Part I of this thesis discusses a suitable catalogue of initial failure mechanisms based on clearly defined mechanical models, as well as discontinuum mechanics models capable of modelling both the initial
failure mechanism as well as the change of mechanism at large displacements (post‐failure displacements). In addition, it demonstrates the interdependencies between failure mechanism,
monitoring and calculation approach in the example of two case studies.
Part II deals with the runout of rock slopes (rock fall, rock slide & rock avalanche) as a consequence of detachment. Rock fall process is discussed within the context of a research project, with the aim of
determining areas in which the danger of rock fall exists. 589 full‐scale drop tests were carried out in
ten different quarries (nine of which are in Austria and one in British Columbia, Canada), recording key parameters of rock fall trajectories.

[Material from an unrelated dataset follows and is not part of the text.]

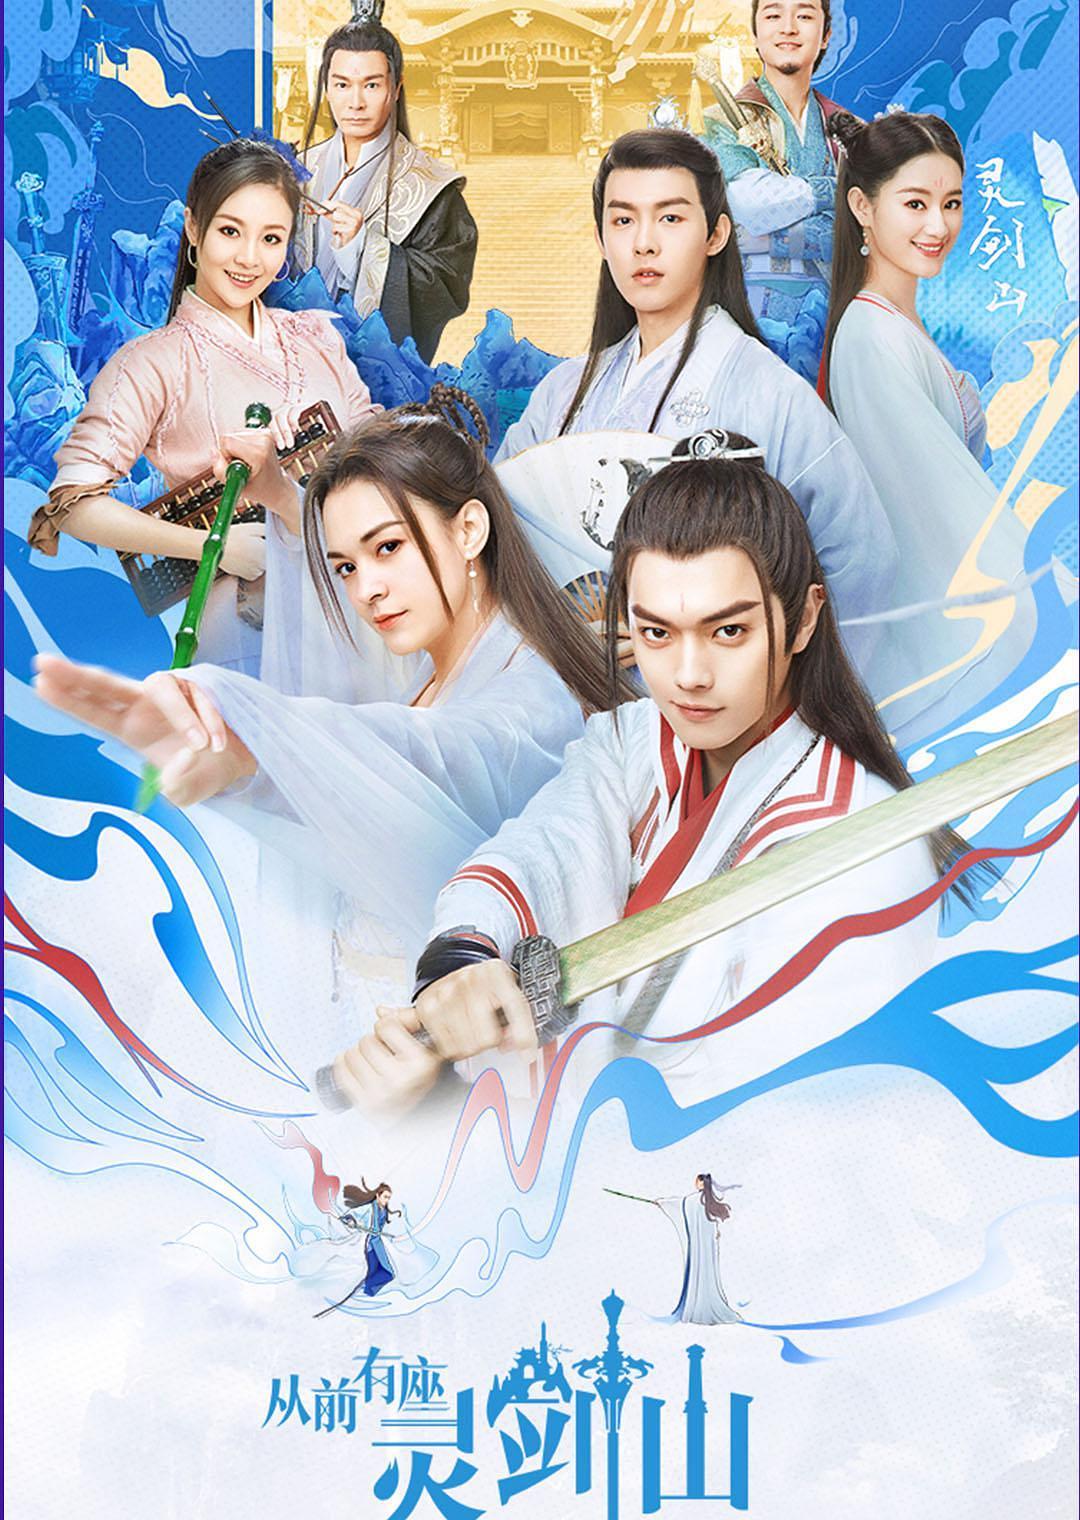 《从前有座灵剑山》是最近下载火的网络小说比较的电视剧,我也是韩国古装剧电影迅雷改编图片

The stochastic nature of the process is discussed and a new dynamic model for analysis of rock fall and determination of hazard areas is presented.
Two numerical codes, the Distinct Element Model (PFC) and the continuum mechanics code (DAN), for analysis of rock mass falls (rock slides and rock avalanches) are presented. The two calculation
approaches are compared with back‐analysis of rock avalanches Punta Thurwieser (Italy) and Frank Slide (Canada). Their capability for the prediction of rock avalanche runout is discussed.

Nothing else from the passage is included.